“The Man in the Yellow Slicker,” Ensign, July 1992, 58–59
The Man in the Yellow Slicker
One chilly day in September, my husband, John, arrived home to tell me about a man in a torn yellow rain jacket he had seen walking along the highway and whom he had stopped to help. The man’s name was Claude. He had been pushing a broken grocery cart loaded with empty pop cans. As they talked, my husband noticed Claude’s cold, red hands clenching the handle of the cart, and he gave Claude a new pair of gloves he happened to have in the truck.
Claude had refused the gloves. He said he had a pair back in Calgary in his room and assured my husband that he would be all right. Seeing his swollen feet, which slipped out of his old laceless shoes with every step he took, John found it hard to believe that he would be all right.
Claude told John that he had been on his own ever since he had been a young boy because of problems with his parents.

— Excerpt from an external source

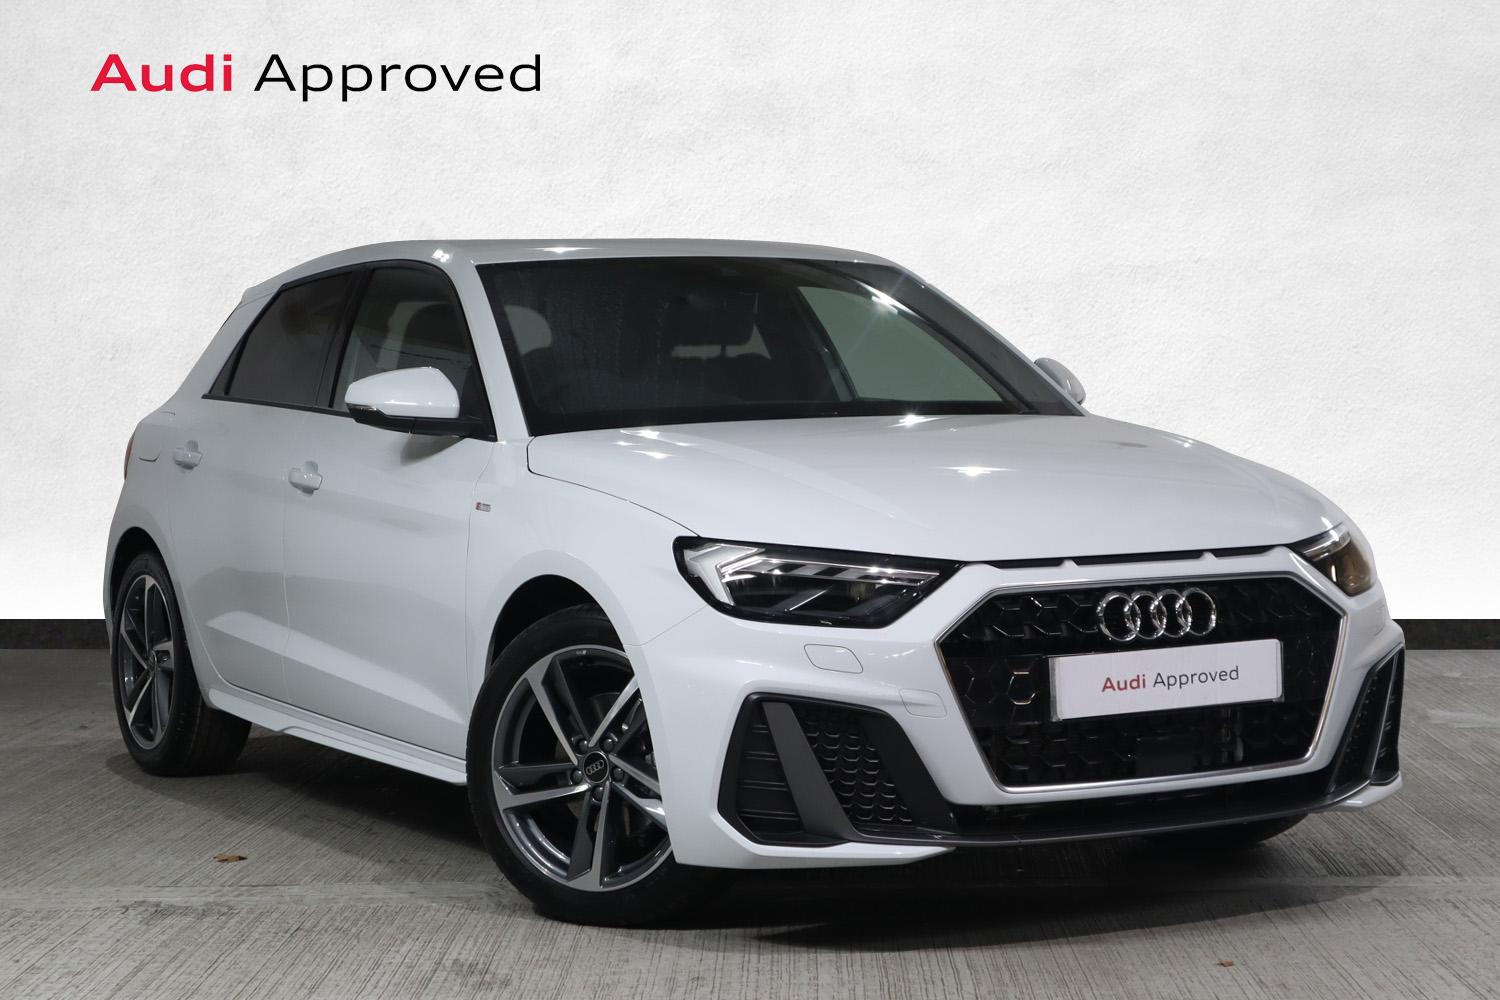 2023 Audi A1 - £30k for 110HP?!?! 1st Drive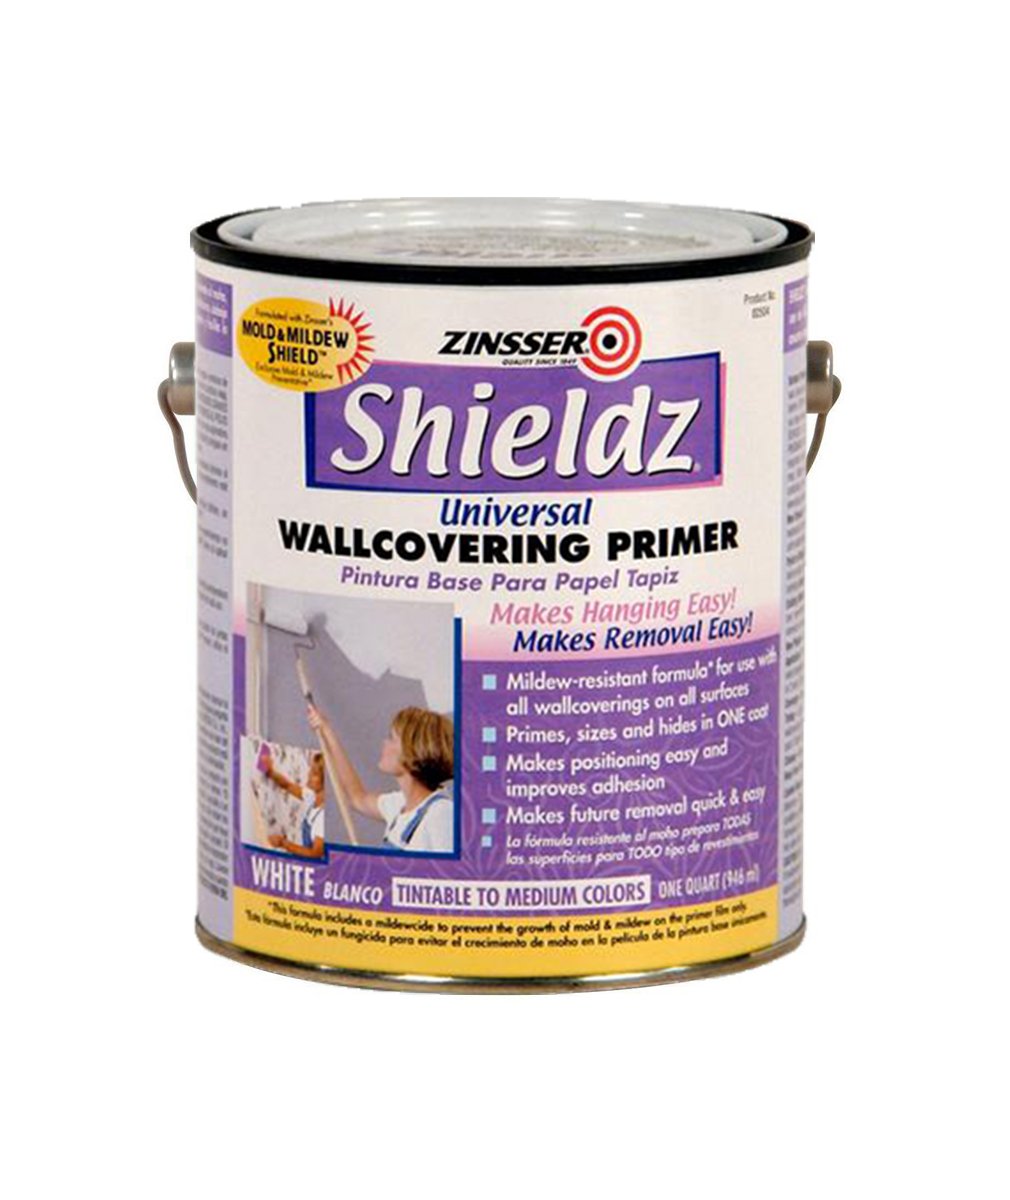 Shieldz® Universal Wallcovering Primer,  available at JC Licht in Chicago, IL.

He had quit school after grade nine because of a learning disability. Collecting pop cans during the summer netted him about two hundred dollars for his efforts. Claude said he liked being outdoors and seeing the countryside. When my husband asked him where he had slept the previous night, Claude said, “Between two granaries in a farmer’s field.” He added, “It was a little cool.”
My heart ached for this poor man as I thought about the thick layer of ice on our water trough that morning. My husband and I wanted to help him.
The next day was Sunday. I returned home from church with the words of a song echoing in my mind—“Because I have been given much, I too must give.” (Hymns, 1985, no. 219.) I couldn’t rest. It had been freezing cold again the night before, and I wondered where Claude had slept. That was it—I packed a box for him with warm socks, food, shoelaces, a sleeping bag, and a little money. Then I attached a note with our name and phone number that simply said, “We would like to help you.”
Then we set off to find Claude. We found him sitting by the side of the road. “I stopped for an hour to dry off in the sun,” Claude said as the pale sun appeared between the clouds. We offered him a ride into town, but he refused and assured us that he could walk there, sell his cans, and then walk back to Calgary. That was one hundred and twenty miles! I felt uneasy as we gave him the box and then left him alone on the highway with his cart, his pop cans, and his red, swollen feet.
That night it rained almost two inches. I knew the torn yellow rain jacket wouldn’t give him much protection from the rain. Monday was bitterly cold, with icy winds. We went to look for Claude again.
We found him in a restaurant, where he had taken shelter. He sat near the window, watching his grocery cart with its precious cargo of pop cans, and drank a cup of hot chocolate to warm himself. After much persuasion, we finally convinced Claude to come home with us. So we loaded the cart with the missing front wheel and the plastic bags filled with pop cans into our truck and headed home.
Once in our home, Claude’s blue eyes shone out in contrast with his weather-beaten, bearded face. When we gave him some new boots, we noticed a toe was missing from his left foot. “I got it frozen off one night,” he said, “but I’m glad it wasn’t my right foot.”
Hot soup, toast, and hot chocolate seemed to please him. As he reached for the jam, we noticed that his large hands had been cracked by the cold. He told us that he had a room in Calgary, where the landlady let handicapped people sleep. He said his parents were in a senior citizens’ home in Red Deer. He tried to visit them once a year even though he had not lived with them for many years.
That night we drove him to Calgary, but we stopped first in Red Deer to let him visit with his parents. On the remaining drive to Calgary, I struggled with my thoughts. Here we live in a land of peace and plenty, yet on our very doorsteps there are people in need who are suffering. I was grateful that Claude had crossed my path. The words of the song echoed in my heart again, but this time with much more meaning—“Because I have been given much, I too must give.”